METHODS: We did a multicentre, randomised, double-blind, placebo-controlled, parallel-group, phase 2 pilot trial at 31 hospitals in Belgium, the Czech Republic, France, Germany, Greece, Hungary, Portugal, Spain, and Switzerland. Eligible patients were in the ICU, aged ≥18 years, were intubated and on mechanical ventilation, were positive for S aureus colonisation of the lower respiratory tract, as assessed by quantitative PCR (qPCR) analysis of endotracheal aspirate, and had not been diagnosed with new-onset pneumonia. Patients were excluded if they had confirmed or suspected acute ongoing staphylococcal disease; had received antibiotics for S aureus infection for more than 48 h within 72 h of randomisation; had a Clinical Pulmonary Infection Score of 6 or higher; had an acute physiology and chronic health evaluation II score of 25 or higher with a Glasgow coma scale (GCS) score of more than 5, or an acute physiology and chronic health evaluation II score of at least 30 with a GCS score of 5 or less; had a Sequential Organ Failure Assessment score of 9 or higher; or had active pulmonary disease that would impair the ability to diagnose pneumonia. Colonised patients were randomly assigned (1:1:1), by use of an interactive voice or web response system, to receive either a single intravenous infusion of suvratoxumab 2000 mg, suvratoxumab 5000 mg, or placebo. Randomisation was done in blocks of size four, stratified by country and by whether patients had received systemic antibiotics for S aureus infection. Patients, investigators, and study staff involved in the treatment or clinical evaluation of patients were masked to patient assignment. The primary efficacy endpoint was the incidence of S aureus pneumonia at 30 days, as determined by a masked independent endpoint adjudication committee, in all patients who received their assigned treatment (modified intention-to-treat [ITT] population). Primary safety endpoints were the incidence of treatment-emergent adverse events at 30 days, 90 days, and 190 days after treatment, and the incidence of treatment-emergent serious adverse events, adverse events of special interest, and new-onset chronic disease at 190 days after treatment. All primary safety endpoints were assessed in the modified ITT population.
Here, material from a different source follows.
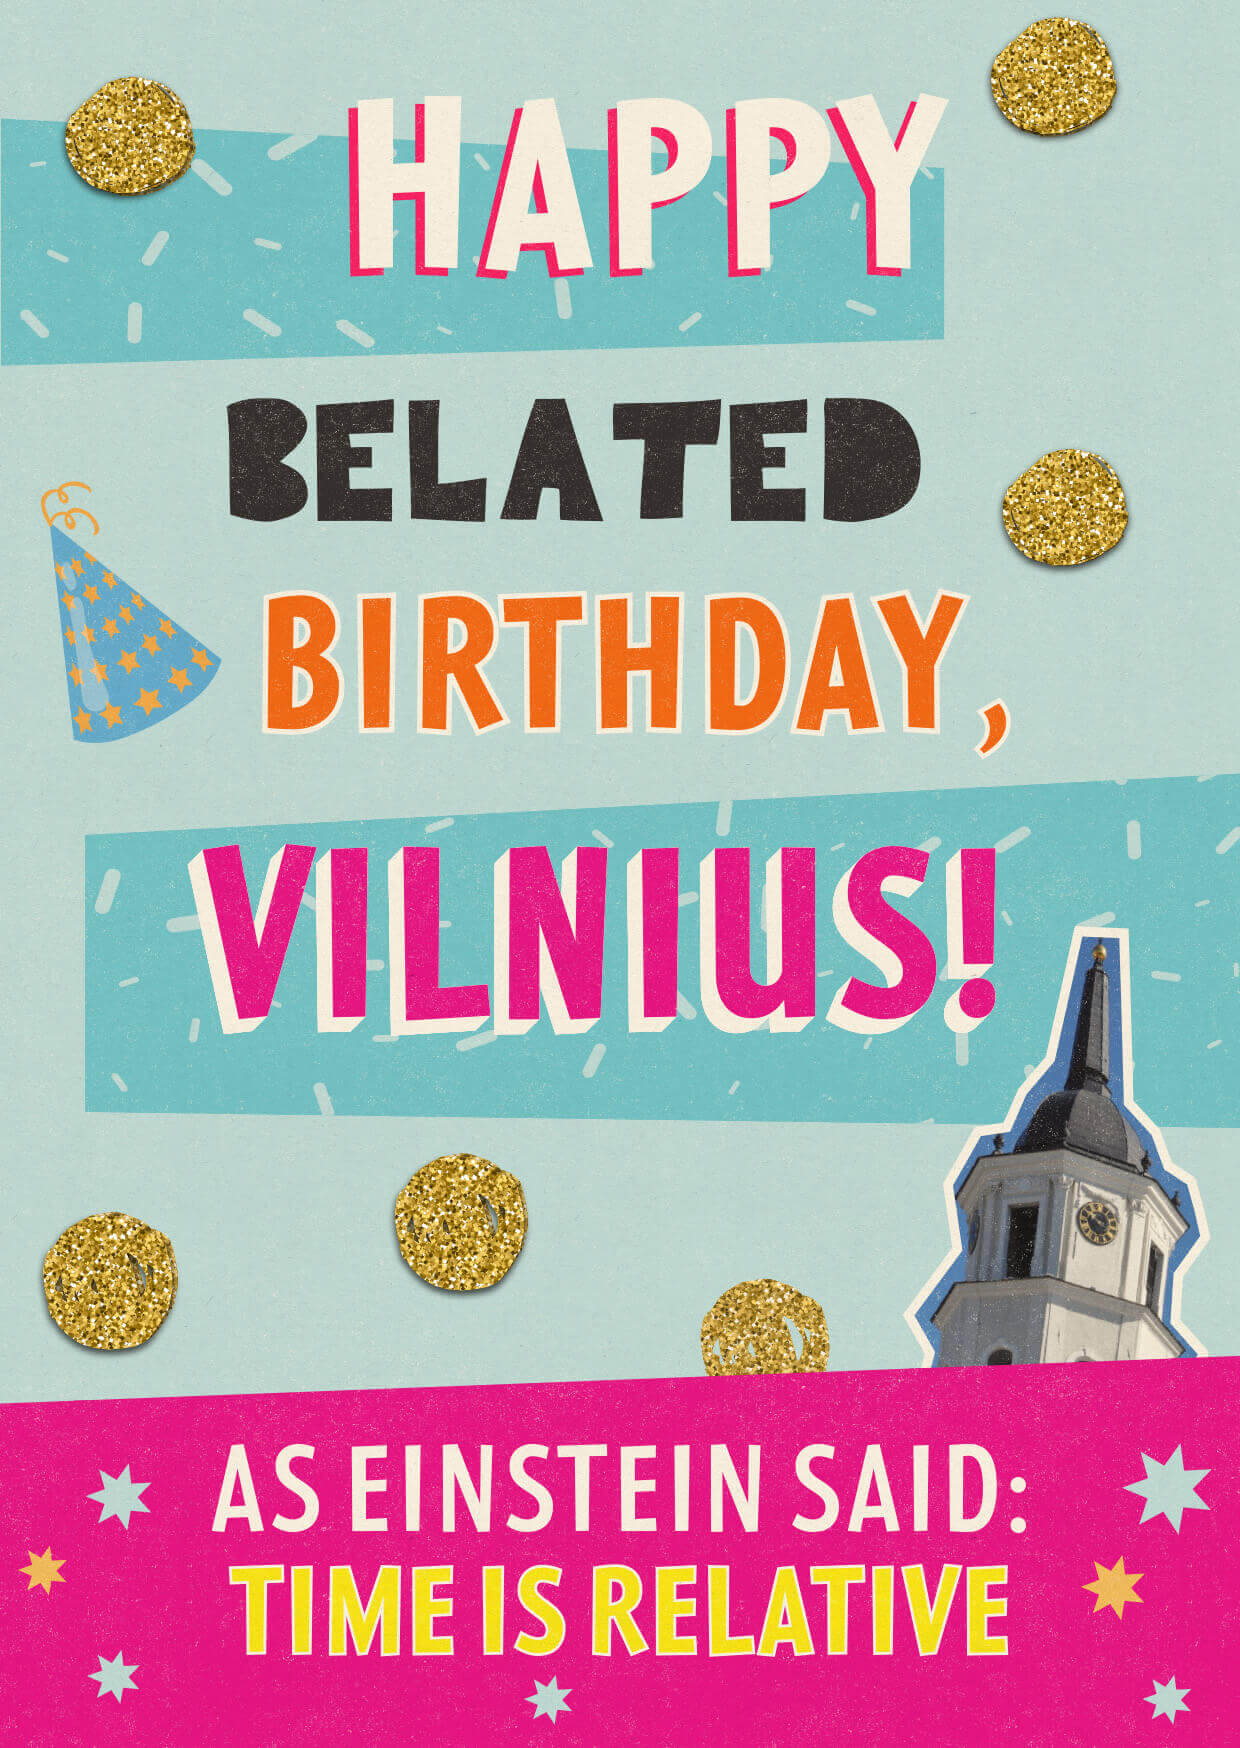 Postcard from Go Vilnius for Vilnius birthday

This trial is registered with ClinicalTrials.gov (NCT02296320) and the EudraCT database (2014-001097-34).
FINDINGS: Between Oct 10, 2014, and April 1, 2018, 767 patients were screened, of whom 213 patients with confirmed S aureus colonisation of the lower respiratory tract were randomly assigned to the suvratoxumab 2000 mg group (n=15), the suvratoxumab 5000 mg group (n=96), or the placebo group (n=102). Two patients in the placebo group did not receive treatment after randomisation because their clinical conditions changed and they no longer met the eligibility criteria for dosing. As adjudicated by the data monitoring committee at an interim analysis, the suvratoxumab 2000 mg group was discontinued on the basis of predefined pharmacokinetic criteria. At 30 days after treatment, 17 (18%) of 96 patients in the suvratoxumab 5000 mg group and 26 (26%) of 100 patients in the placebo group had developed S aureus pneumonia (relative risk reduction 31·9% [90% CI -7·5 to 56·8], p=0·17). The incidence of treatment-emergent adverse events at 30 days were similar between the suvratoxumab 5000 mg group (87 [91%]) and the placebo group (90 [90%]). The incidence of treatment-emergent serious adverse events at 30 days were also similar between the suvratoxumab 5000 mg group (36 [38%]) and the placebo group (32 [32%]). No significant difference in the incidence of treatment-emergent adverse events between the two groups at 90 days (89 [93%] in the suvratoxumab 5000 mg group vs 92 [92%] in the placebo group) and at 190 days (93 [94%] vs 93 [93%]) was observed. 40 (40%) patients in the placebo group and 50 (52%) in the suvratoxumab 5000 mg group had a serious adverse event at 190 days. In the suvratoxumab 5000 mg group, one (1%) patient reported at least one treatment-emergent serious adverse event related to treatment, two (2%) patients reported an adverse event of special interest, and two (2%) reported a new-onset chronic disease.
INTERPRETATION: In patients in the ICU receiving mechanical ventilation with qPCR-confirmed S aureus colonisation of the lower respiratory tract, the incidence of S aureus pneumonia at 30 days was not significantly lower following treatment with 5000 mg suvratoxumab than with placebo. Despite these negative results, monoclonal antibodies still represent one promising therapeutic option to reduce antibiotic consumption that require further exploration and studies. FUNDING: AstraZeneca, with support from the Innovative Medicines Initiative Joint Undertaking.
Copyright © 2021 Elsevier Ltd. All rights reserved.

Entities:  

Year:  2021        PMID: 33894131     DOI: 10.1016/S1473-3099(20)30995-6

Source DB:  PubMed          Journal:  Lancet Infect Dis        ISSN: 1473-3099            Impact factor:   25.071


  13 in total

Review 1.  Anti-bacterial monoclonal antibodies: next generation therapy against superbugs.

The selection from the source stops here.